Berikut daftar K/L yang dapat dimasuki TNI aktif pasca disahkannya revisi UU TNI:

  1. Kementerian Koordinator Bidang Politik dan Keamanan

  2. Kementerian Pertahanan, termasuk Dewan Pertahanan Nasional

  3. Kesekretariatan negara yang menangani urusan kesekretariatan presiden dan sekretariat militer presiden

  4. Badan Intelijen Negara

  5. Badan Siber dan/atau Sandi Negara

  6. Lembaga Ketahanan Nasional

  7. Badan Search And Rescue (SAR) Nasional

  8. Badan Narkotika Nasional (BNN)

  9. Badan Nasional Pengelola Perbatasan (BNPP)

  10. Badan Penanggulangan Bencana

  11. Badan Penanggulangan Terorisme

  12. Badan Keamanan Laut

  13. Kejaksaan Republik Indonesia (Jaksa Agung Muda Bidang Tindak Pidana Militer)

  14. Mahkamah Agung

Pos-pos pemerintahan yang semakin dipenuhi tentara tidak menutup kemungkinan akan terus bertambah. Ini adalah upaya revitalisasi Orde Baru. Ini adalah penghinaan besar bagi supremasi sipil. Aspirasi rakyat sengaja diabaikan mulai dari proses pembahasan hingga proses pengesahan yang tergesa-gesa dan tidak transparan. Langkah ini tidak hanya menyempitkan ruang sipil, tetapi juga semakin mengurangi kepercayaan sipil kepada pemerintah maupun aparat secara bersamaan. Tersisa 30 hari sebelum UU ini ditandatangani presiden dan resmi diterapkan. Jika presiden benar berpihak kepada rakyat, pilihannya adalah mencabut revisi UU TNI.

  • Operasi Militer Selain Perang (OMSP) 

Lagi, seakan ruang kerja TNI tak cukup pada UU No. 34 tahun 2004, revisi UU ini menambahkan 2 tugas OMSP lain,  yaitu   membantu dalam upaya menanggulangi ancaman pertahanan cyber dan melindungi serta menyelamatkan warga negara serta kepentingan nasional di luar negeri.

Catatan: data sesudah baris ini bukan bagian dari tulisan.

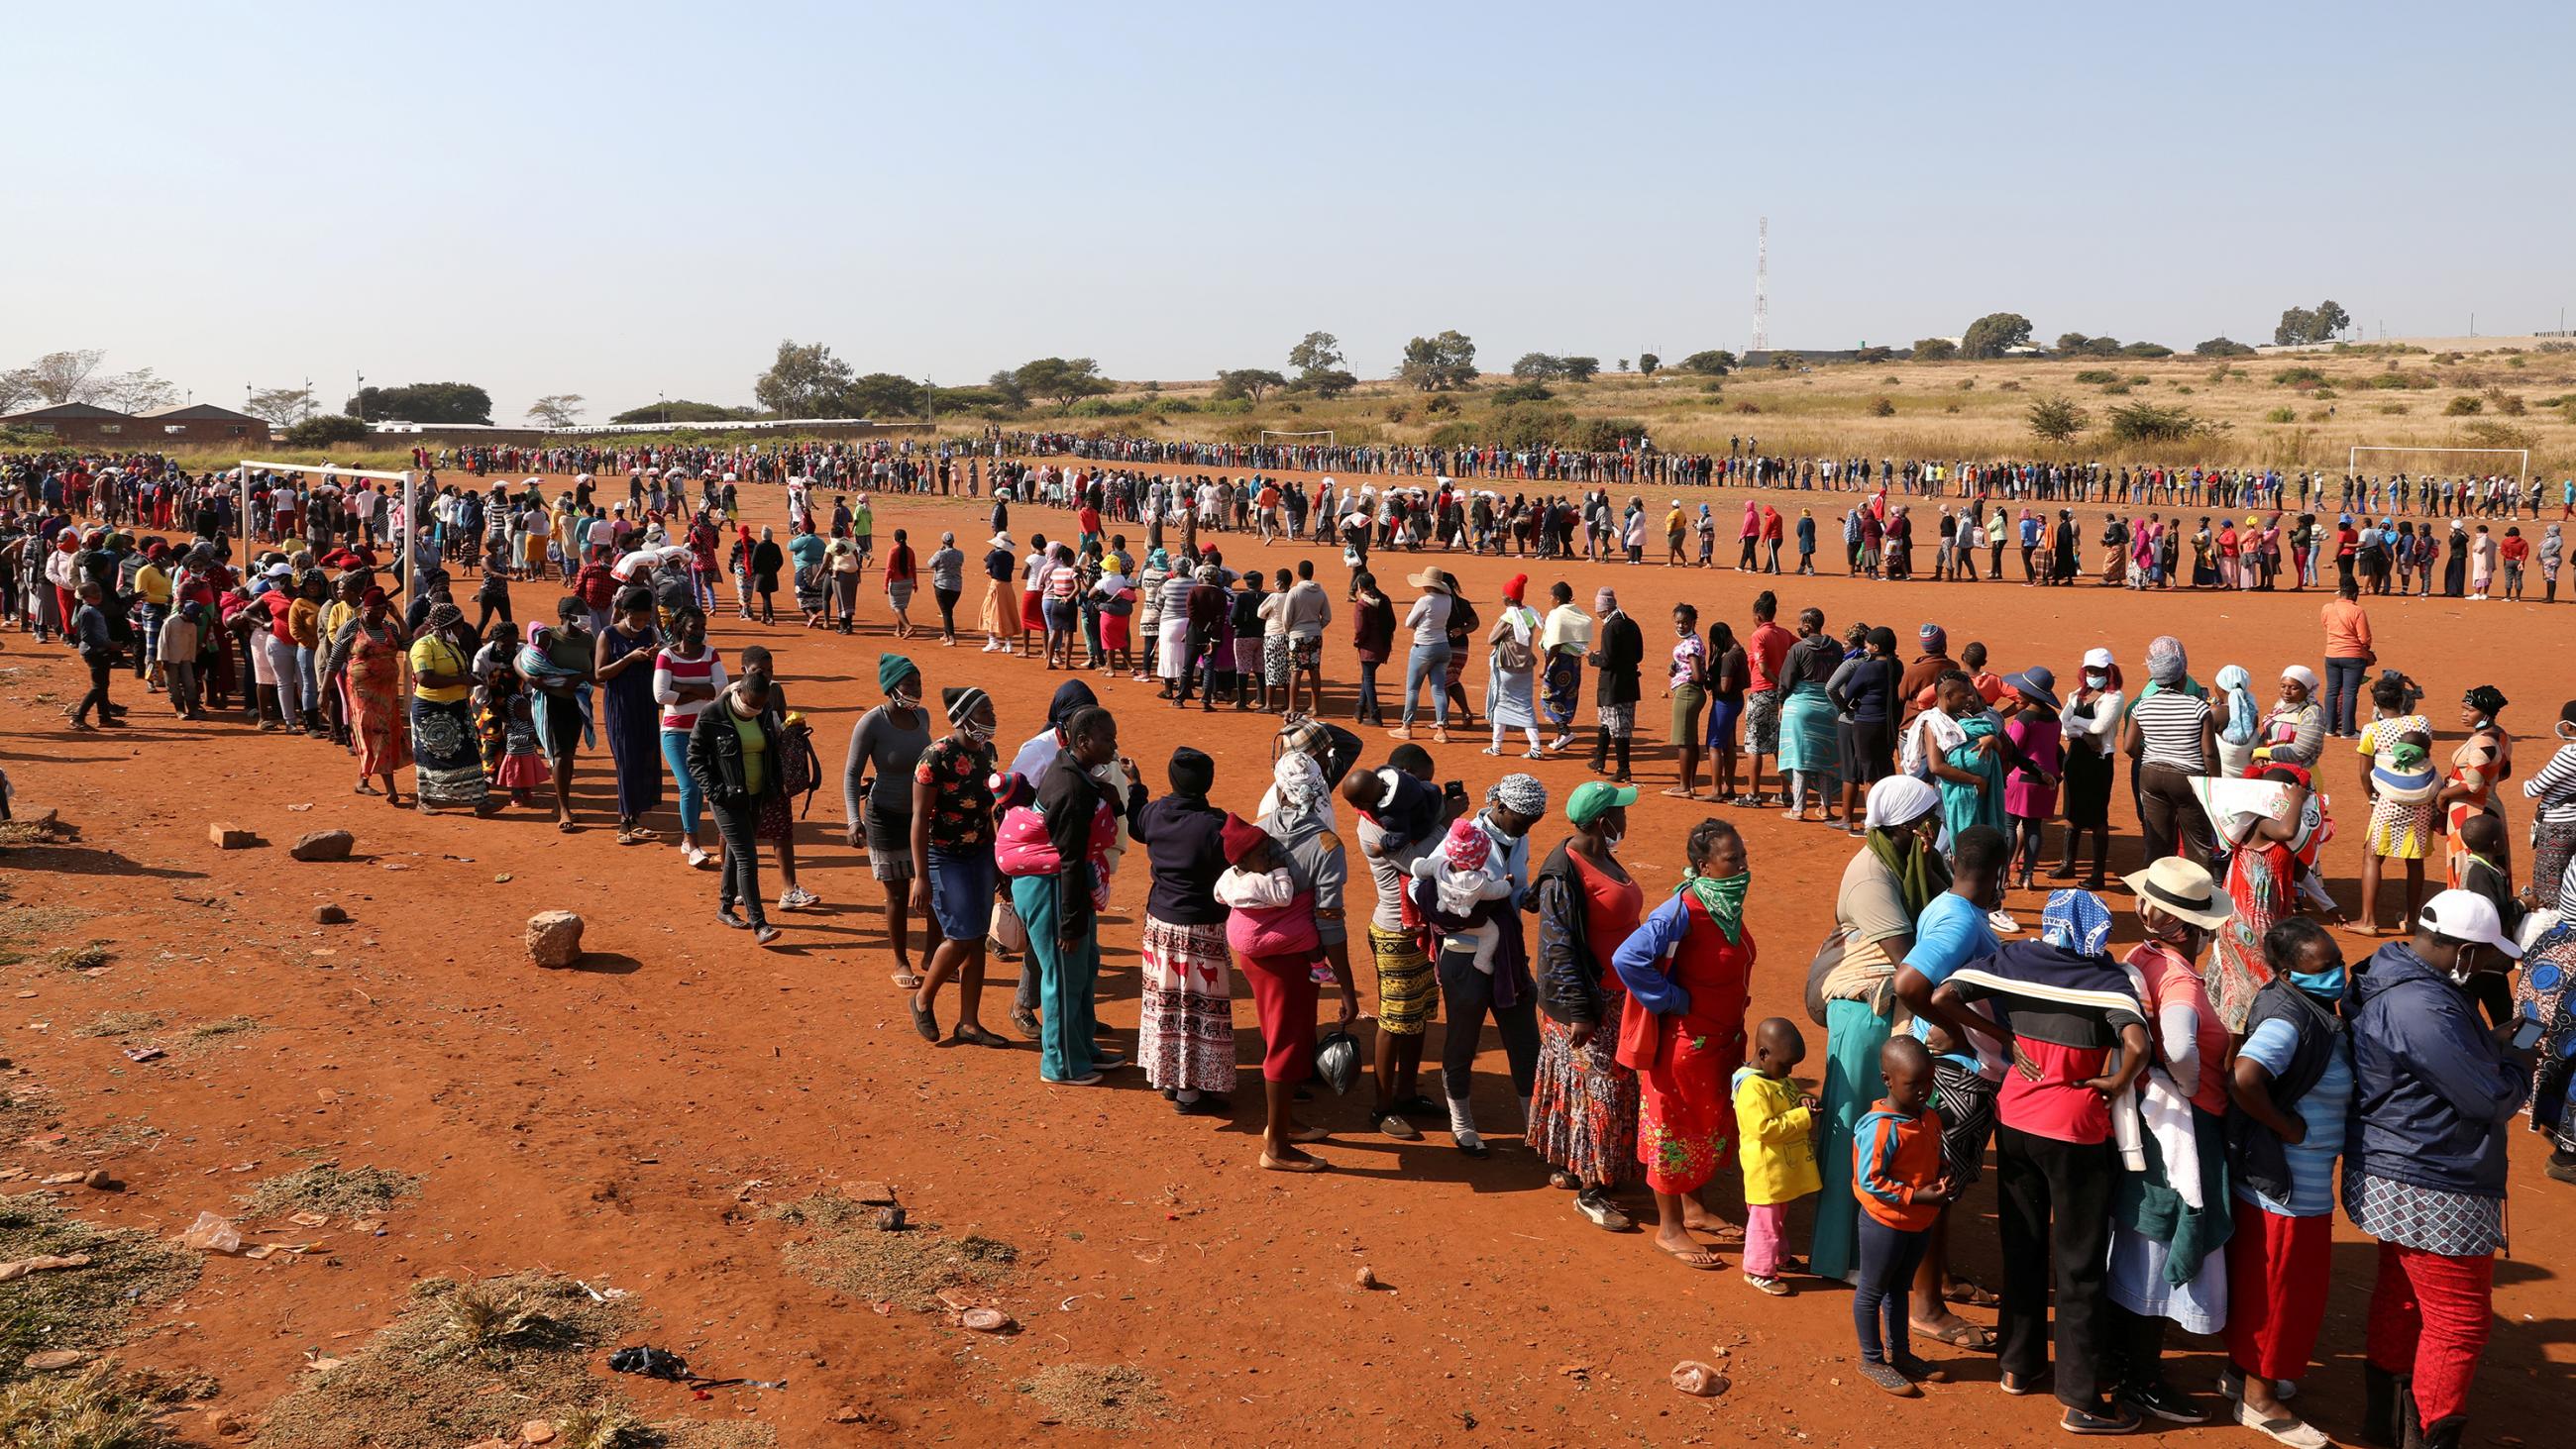 The photo is taken from a high vantage overlooking a huge crowd of people standing on line in a red soil dry plain.

Sekali lagi, cyberspace yang seharusnya menjadi medium demokrasi akan disusupi oleh TNI. Padahal selama ini, cyberspace menjadi medium bagi masyarakat indonesia untuk menyampaikan kritik serta komentar tanpa harus takut dihantui bayang-bayang penyusup. Jika TNI diperbolehkan untuk menyusupi cyberspace, apa ukuran dari ‘ancaman pertahanan siber’? Lebih dari mungkin bahwa TNI akan menyalahhunakan kuasanya atas nama ‘melindungi’ NKRI dari ancaman siber. 

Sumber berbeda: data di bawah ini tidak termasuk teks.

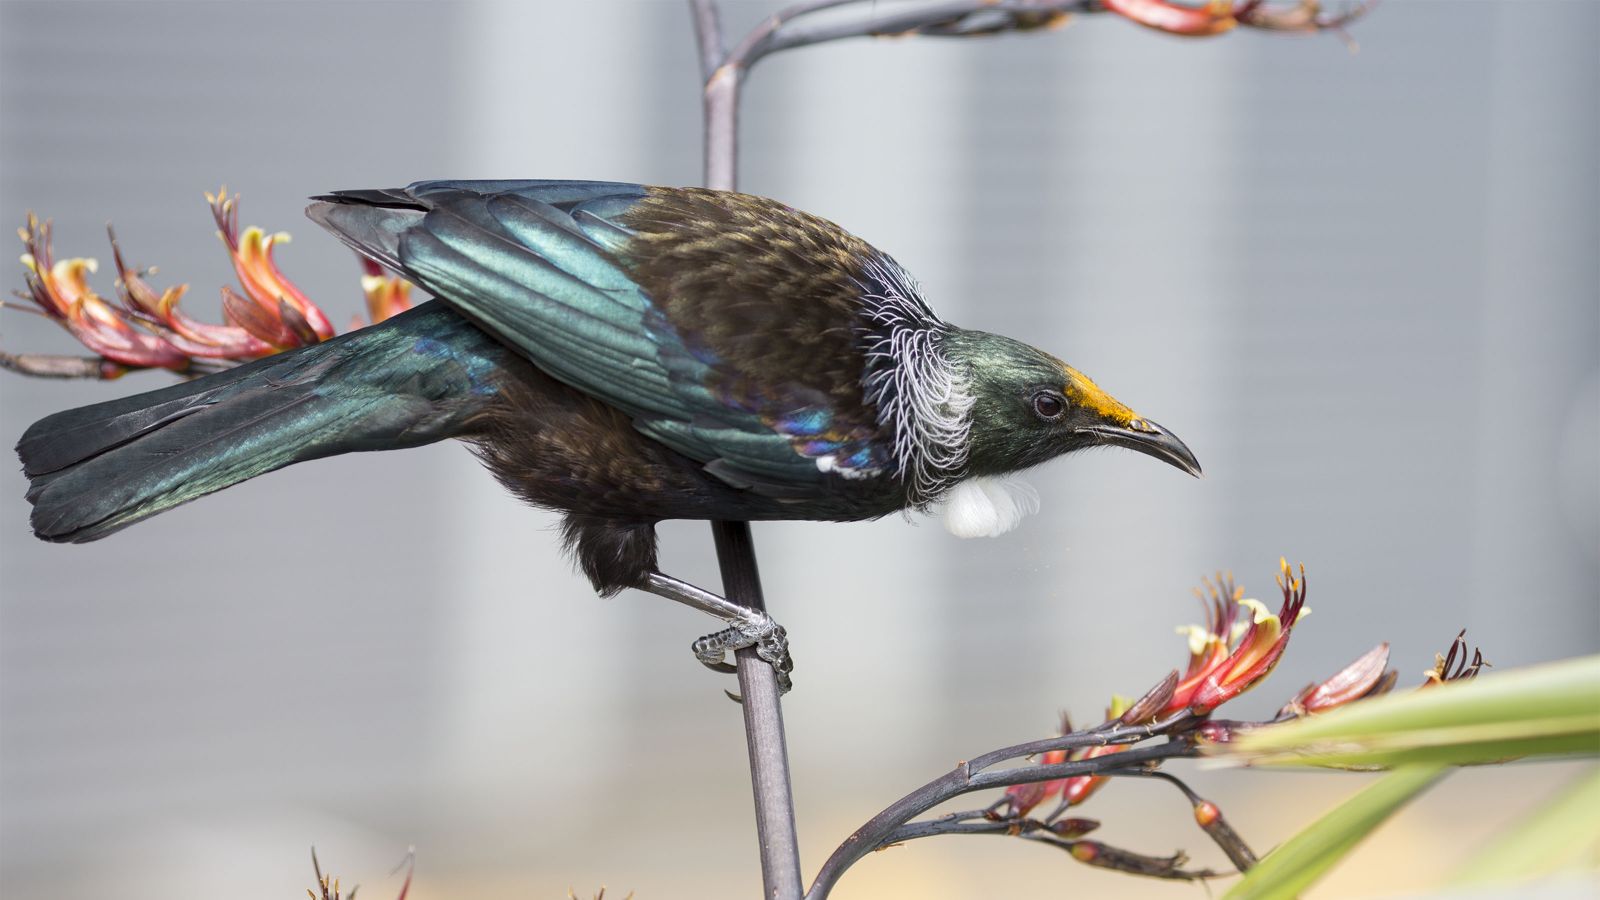 A close-up of a tui bird perched on a plant.

Meski Ketua Panja RUU TNI, Utut Adianto, memastikan tak adanya dwifungsi TNI, isi dari RUU tersebut secara implisit menyatakan sebaliknya. Anggota TNI tidak perlu mengundurkan diri apabila ingin menjabat di kementerian-kementerian strategis. Hal itulah yang merupakan dwifungsi TNI yang sebenar-benarnya. 

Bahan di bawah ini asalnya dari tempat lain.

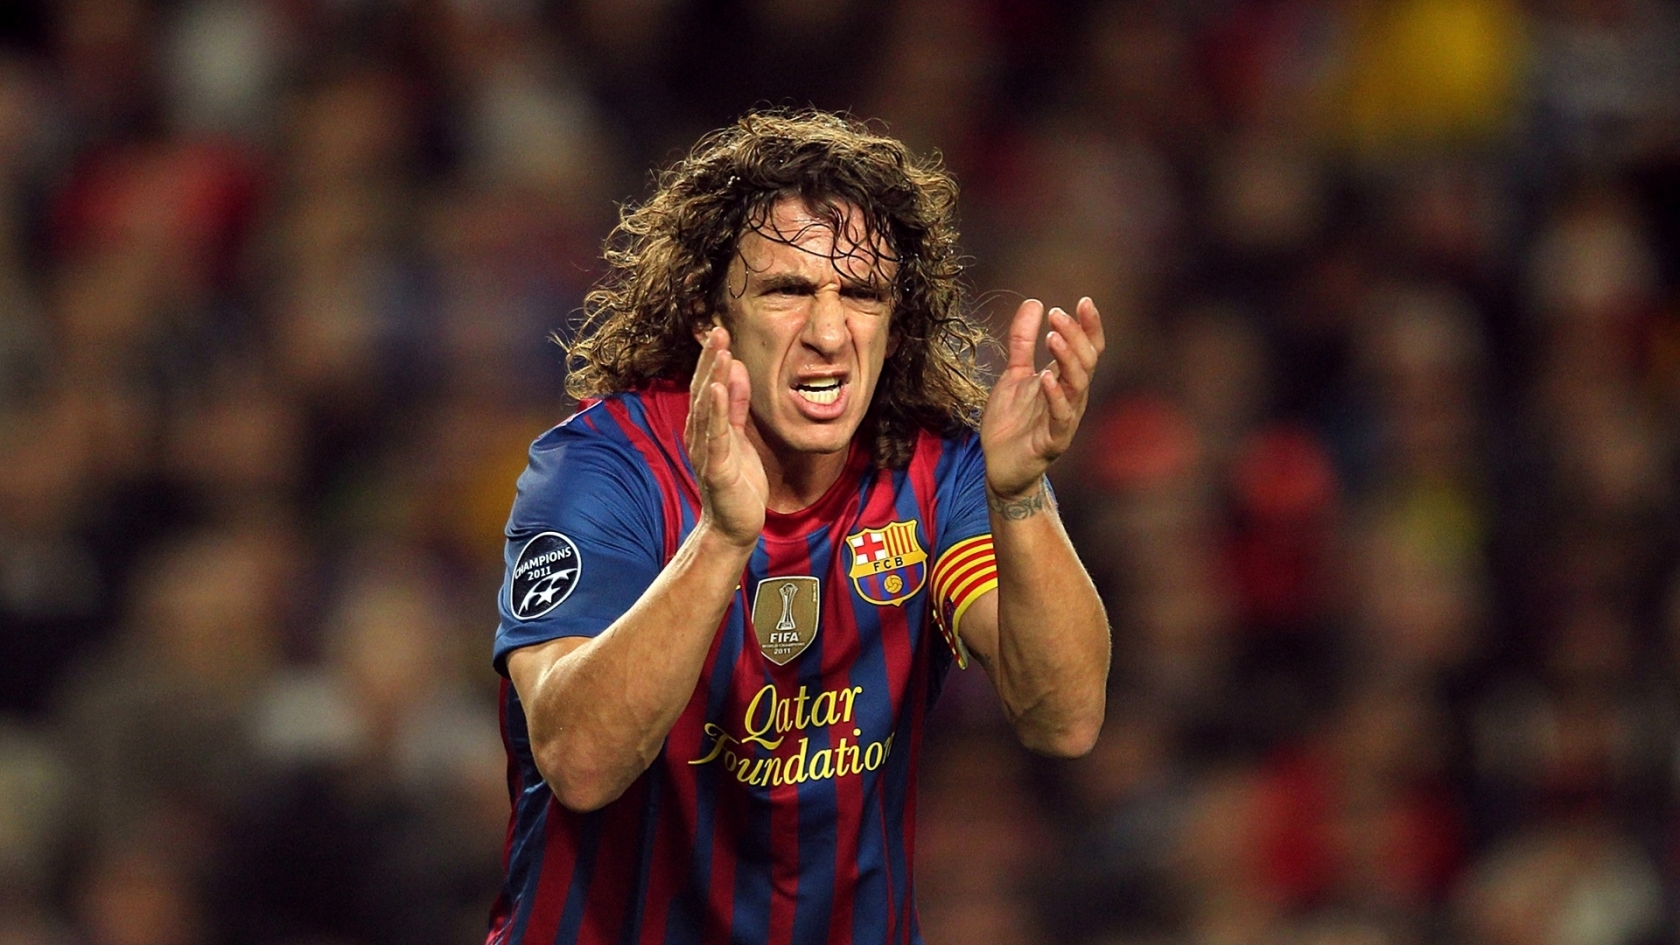 Carles Puyol Urging for 1680 x 945 HDTV resolution

Dengan penerapan pengambilan keputusan ala militer yang top-down dan bukan bottom-up seperti apa yang didambakan praktik demokrasi sejati, rakyat tidak lagi menjadi prioritas utama dalam pembuatan kebijakan. Dan kondisi di mana kesejahteraan rakyat tidak lagi dipertimbangkan adalah fasisme. Dwifungsi TNI/ABRI adalah fasisme; rezim Prabowo Subianto adalah fasisme.

Maka dari itu, LPM Retorika FISIP Unair mengutuk segenap anggota DPR RI serta jajaran kementerian yang telah mengesahkan RUU TNI karena inilah titik lahirnya Neo-Orba.